- Born: c. 1385
- Died: 12 April 1439 Żagań
- Noble family: Silesian Piasts of Głogów
- Spouse: Scholastika of Saxe-Wittenberg
- Issue: Anna Hedwig Balthasar of Żagań Rudolf of Żagań Margareta Barbara Scholastika Agnes Wenceslaus of Żagań Jan II the Mad
- Father: Henry VIII the Sparrow
- Mother: Katharina of Opole

= Jan I of Żagań =

Jan I of Żagań (Jan I żagański) (c. 1385 – 12 April 1439) was a duke of Żagań-Głogów from 1397 (until 1412 with his brothers as co-rulers), from 1403 Duke of Żagań, Krosno Odrzańskie and Świebodzin (again, until 1412 with his brothers as co-rulers) and from 1412 sole ruler of Żagań and Przewóz.

He was the eldest son of Henry VIII the Sparrow, Duke of Głogów by his wife Katharina, daughter of Duke Władysław of Opole.

==Life==
At the time of Henry VIII's death (14 March 1397) his sons were minors. Duke Rupert I of Legnica took the regency of Głogów until 1401, when Jan I formally assumed guardianship of his younger brothers Henry IX the Elder, Henry X Rumpold and Wenceslaus and began his personal rule in Szprotawa, Przemków, Sulechów, half of Głogów, and Bytom Odrzański.

In 1403 their aunt Hedwig of Legnica (Henry VI the Elder's widow) renounced her dower lands (Żagań, Krosno Odrzańskie and Świebodzin) to Jan I and his brothers, who ruled all the lands jointly. Thanks to the privilege of Elector Rudolf III of Saxony in 1408 he could maintain the unity of his duchy despite the protest of his brothers, who claimed their own districts. Ultimately, the division was made in 1412: Jan I retained Żagań, and one year later (in 1413) he also took possession over the duchy of Przewóz in the Polish-German border area (obtained as a result of his marriage with Scholastika, a daughter of Elector Rudolph III).

After the extinction of the main branch of the dukes of Legnica in 1419, Jan I played an important role at the request of many of the cities of Lower Silesia: he initiated the creation of an organization to fight the gangs of robbers who regularly attacked the roads, cities and monasteries.

Jan I performed his duties as vassal of Bohemia faithfully, and therefore in 1420 took part in the expedition of Emperor Sigismund against the Hussites; on July 28 that year he assisted in his coronation as King of Bohemia in Prague.

Three years later, John participated with his brothers in the negotiations between the emperor and Teutonic Knights in Preszburg (now Bratislava), where it was decided go to war against Poland.
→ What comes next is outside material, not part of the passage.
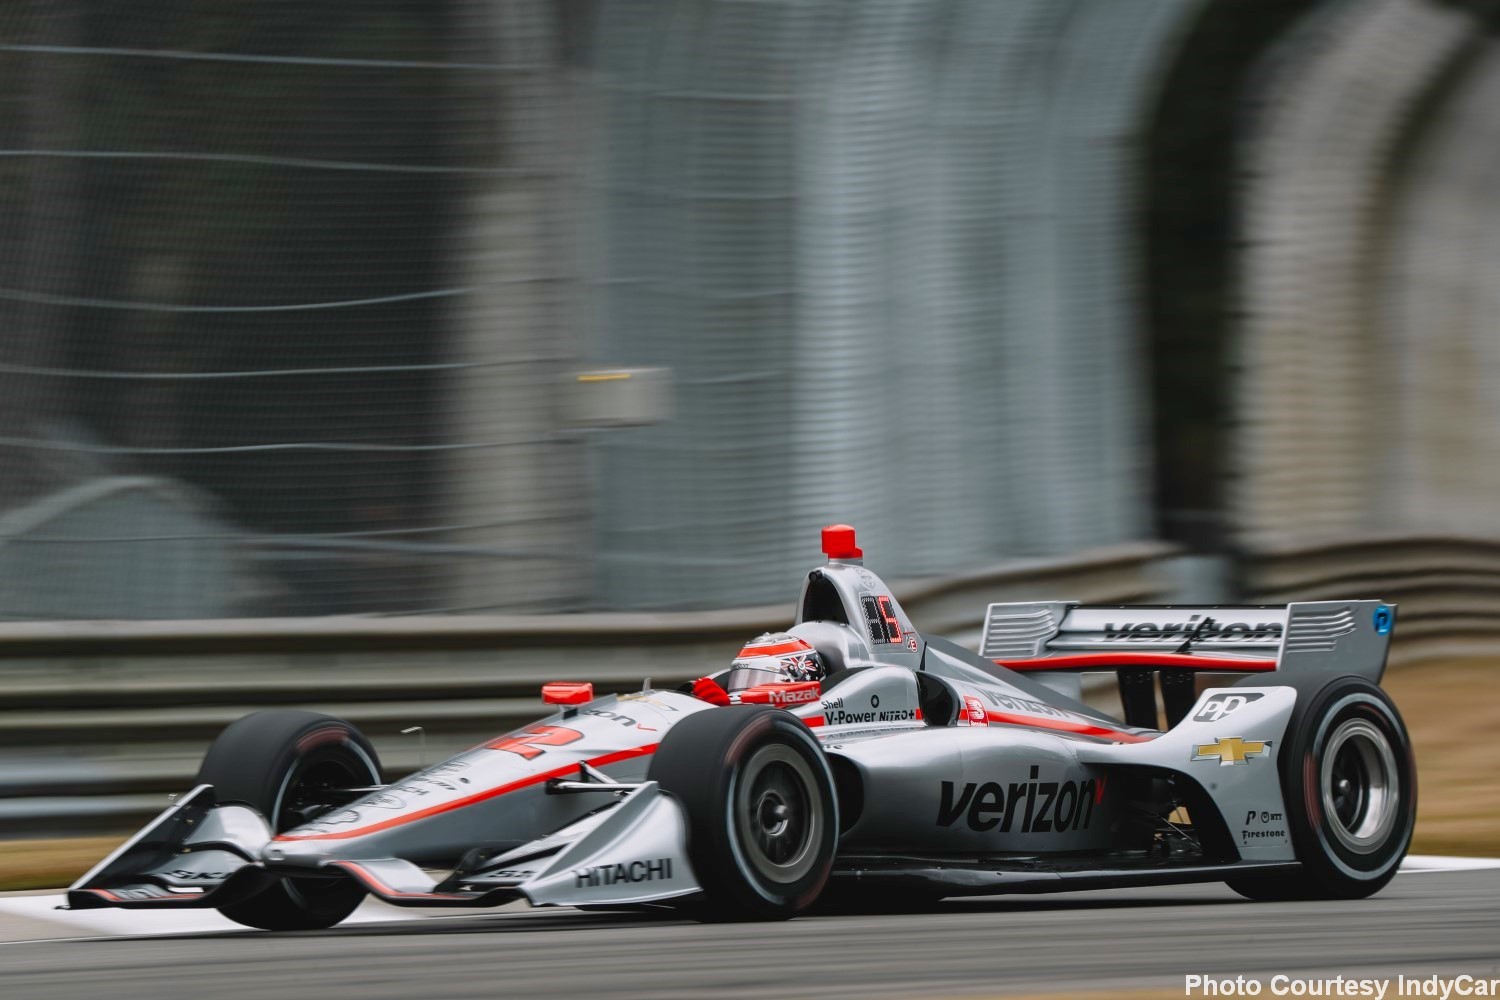 How much is Will Power and the Penske team sandbagging?
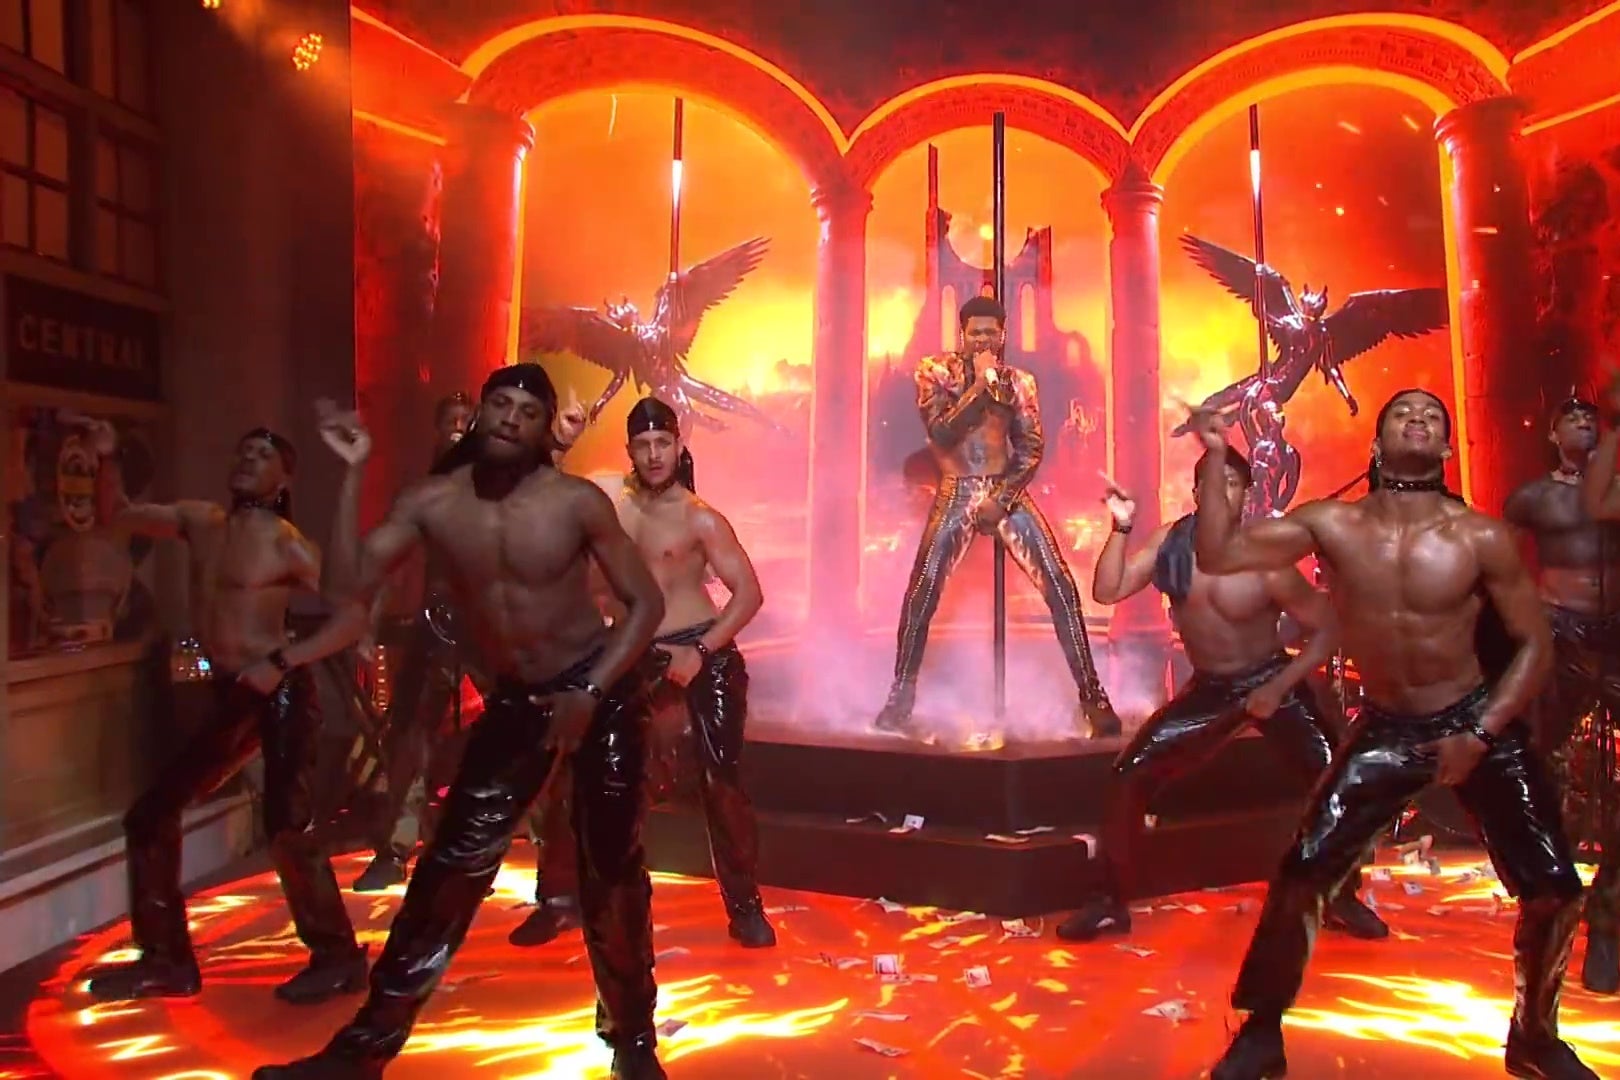 Lil Nas X performs on the SNL stage, which has been made up to look like hell. A line of shirtless black men wearing shiny black pants dance around him.

However, given the growing difficulties of the emperor with the Hussites and the Teutonic Knights' requests for the city of Kežmarok in exchange for his help, the meeting was unsuccessful.

Struggles with the Hussites continued in 1427 and 1428, when together with his brother Henryk IX Starszy supported militarily threatened Łużyckie city. On 1 November 1428 the brothers defeated the Hussite troops at the Battle of Kratzau.

In 1429 Jan I went with the emperor to Łuck, Lithuania, where he took part in the congress in which the coronation of Vytautas the Great as king was decided. At the same time, in connection with the growing power of the Hussites, the Duke of Żagań decided to pay them high contributions, which was to ensure the safety of his lands.

However, for some time, Jan I had begun to secretly promote the Hussite movement and his revolutionary ideals. On 19 April 1433, together with his brother Henryk IX Starszy and the Dukes of Oleśnica, he went to Kalisz, where he promised to the Polish king Władysław II Jogaila his participation in the proposed expedition against the Hussites of Krzyżakom (these actions may have been, however, a simple desire to safeguard his duchy against the Hussites in case of a war).

After the death of Emperor Sigismund, Jan I stood on the side of his son-in-law Albert V of Habsburg, and on 3 December 1438 he paid tribute to him in Wrocław. As a reward for his loyalty, the new king gave Jan I many benefits, including the right to mint coins in the cities of Szprotawa and Żagań.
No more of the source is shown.